Winter seas in False Bay

It’s calmer on the False Bay side when the nor’westerly Atlantic swells push onto the coast; though the wave height may not be as high as along the western edge of the Cape Peninsula there is still power in the break.   We watch with great anxiety for the otters and penguins as they exit the surging waters.    Fortunately the Boulders’ penguin colony is sited in a sheltered sandy cove, with a defence of boulders breaking up the force of the water.  Still these sturdy little creatures risk being tumbled in the surf.   Once on land they head for shelter from the strong winds.   Interesting to see the Cape cormorants happily hunkered down amongst the penguins. (Note the little penguin with the missing foot.)

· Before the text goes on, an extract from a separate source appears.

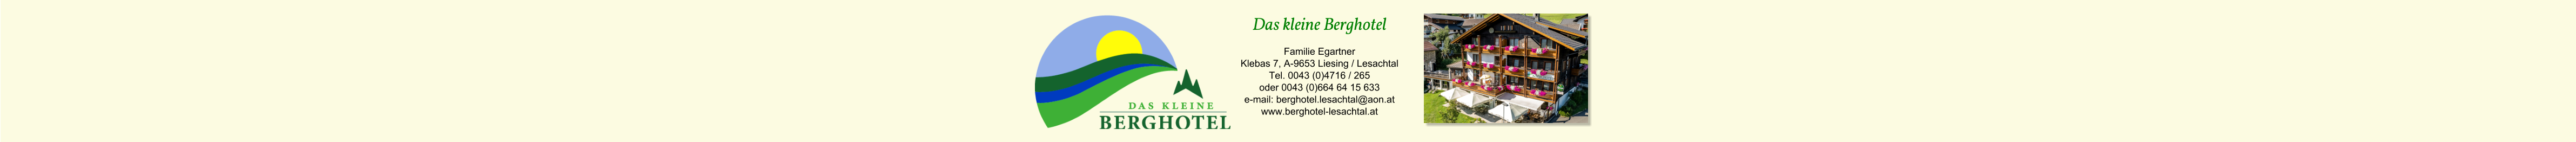 Das kleine Berghotel Familie Egartner Klebas 7, A-9653 Liesing / Lesachtal Tel. 0043 (0)4716 / 265 oder 0043 (0)664 64 15 633 e-mail: berghotel.lesachtal@aon.at www.berghotel-lesachtal.at

Close by the Cape clawless otters (Aonyx capensis) maintain secret holts on land where they can hole up out of the rough seas.  We’ve been fortunate to observe a pair which have returned to the area near our garden since the vegetation has regenerated after the devastating fires.  Unlike the penguins’ sandy beach landing, the otters negotiate a rocky shore and often suffer from  injuries.  Pyjama shark is the catch of the day. If you’d like to read more details about the otters Wilf Nussey’s enthralling stories are here.



35 thoughts on “Winter seas in False Bay

  1. It’s a rough life for them. I feel for the little guy with the bum foot. The otter has a curious expression, as if to say, ‘Who are you looking at?’ 😉

    1. Rough and perilous – the penguins are on the endangered list. Yes i think this was one of the younger otters. I kind of blundered into the scene and know that it was aware of my presence. Generally they take off, this one kept casting an ‘eye’ in my direction 🙂

      1. I was in SA for 12 years most of it in Cape Town, plus several visits since leaving in 1984. Two children born in Johannesburg and the youngest in Fishhoek. So many memories 🙂

    1. Beguiling they are! Yes it’s concerning especially as the penguin numbers decrease. Good news that there is that new colony starting at Tenakwa National Park – relocating them closer to the anchovie/prey shoals may help them recover.

      1. Good to know a new colony is being started. Hopefully the food sources will be sufficient. I have not been able to find anything about Tenakwa National Park. Please can you point me in the right direction. Thanks.

      2. Hi Carol, apologies for a bit of misinformation here. I recently read an article on events held on World Ocean Day and rehabilitated penguins being released at Lookout Beach in Plett. I misread that a new colony would be set up at the facility Tenikwa. It appears that there are plans to establish a site in the Plett vicinity.